The original film featured a terrific cast of bad-asses, and while the cast members for this movie aren’t as muscle-bound as Jesse “The Body” Ventura or Carl Weathers were, they manage to hold their own, and have a great chemistry with each other. Goggins, so good on The Shield and Justified, seems to be having the most fun, tearing into the role of the convict while somehow making his character a bit sympathetic.
Laurence Fishburne also shows up in a small role as one of the Predators’ previous prey who has somehow survived on the planet for years, but has obviously gone more than a little crazy in the process.
Brody gives a good leading man performance here. He obviously doesn’t feel like he’s slumming in a monster movie.
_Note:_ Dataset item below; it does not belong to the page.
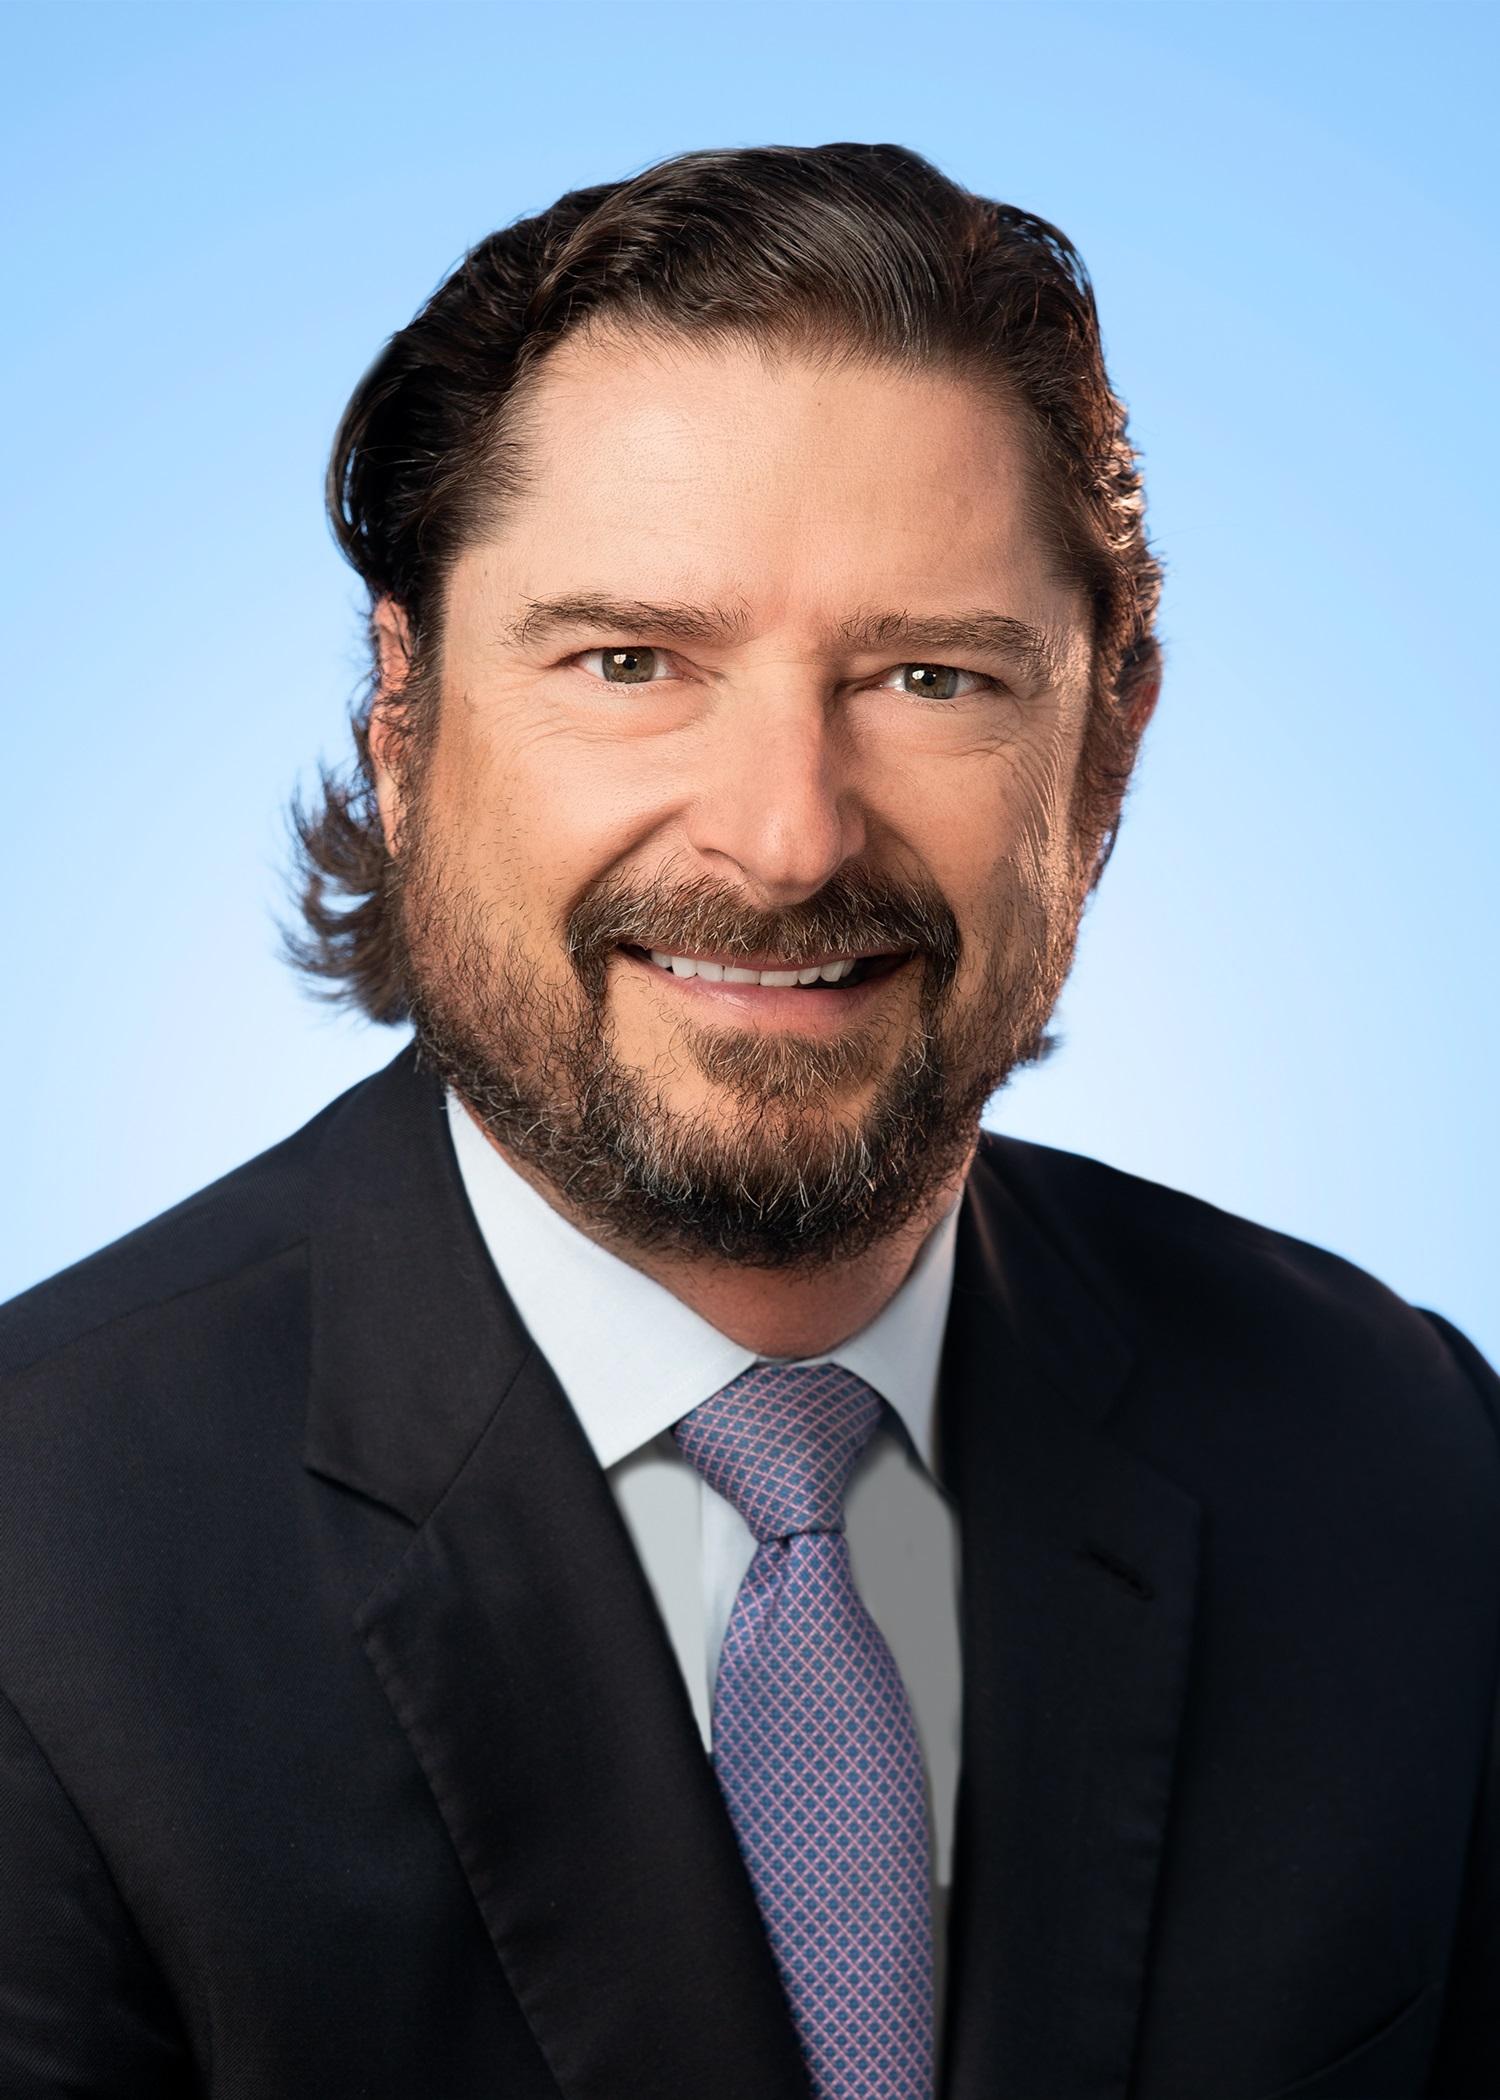 John Chiminski

He’s buffed up, but he’s no match for Schwarzenegger in the brawn department. Instead, he becomes the group’s de facto leader because he’s the smartest, figuring out how the Predators are hunting them and what they need to do to turn the tables.
The movie does make a nod at digging a little deeper into the Predator lore, revealing that there are two distinct races of Predators which have some sort of beef with each other. Luckily, it doesn’t really give us any more than that. I don’t want to see the Predator home world, with Predator businessmen and Predator lawyers and Predators who build spaceships. I’d rather just see the Predators kill some folks. Luckily, I came to the right place.
However, when you think about it, the Predators aren’t really the great hunters they seem to be. They’re 7-foot-tall alien monsters that can (and do) rip out a dude’s spine bare-handed, but they feel the need to use laser guns and cloaking devices while hunting their clearly weaker prey. And now they have home-field advantage. It’s not very sporting, if you ask me. More like fishing with dynamite.
It’s a pretty grim premise—after all, even if they manage to kill the Predators that are hunting them, they’re still stuck on an alien planet—but the movie manages to have some fun with it. The film was directed by Nimród Antal, a Hungarian director who made a great thriller called Kontroll in 2003. Since then, he’s done well in some middling-to-decent American B-movies, including the horror film Vacancy and the heist movie Armored. Antal uses real jungle locations well here, keeps the film taut and energetic and stages the movie’s many action sequences with a lot of tension. Appropriately enough, the film’s rhythms make it feel like more of a throwback to ’80s action flicks than like any of the blockbusters you’d see today.
Predators isn’t quite on the level of the original film, but it is a thoroughly entertaining action film, and it is the first in the series since the original that feels like a worthy continuation to the series and makes it seem like the series deserves the longevity it has enjoyed.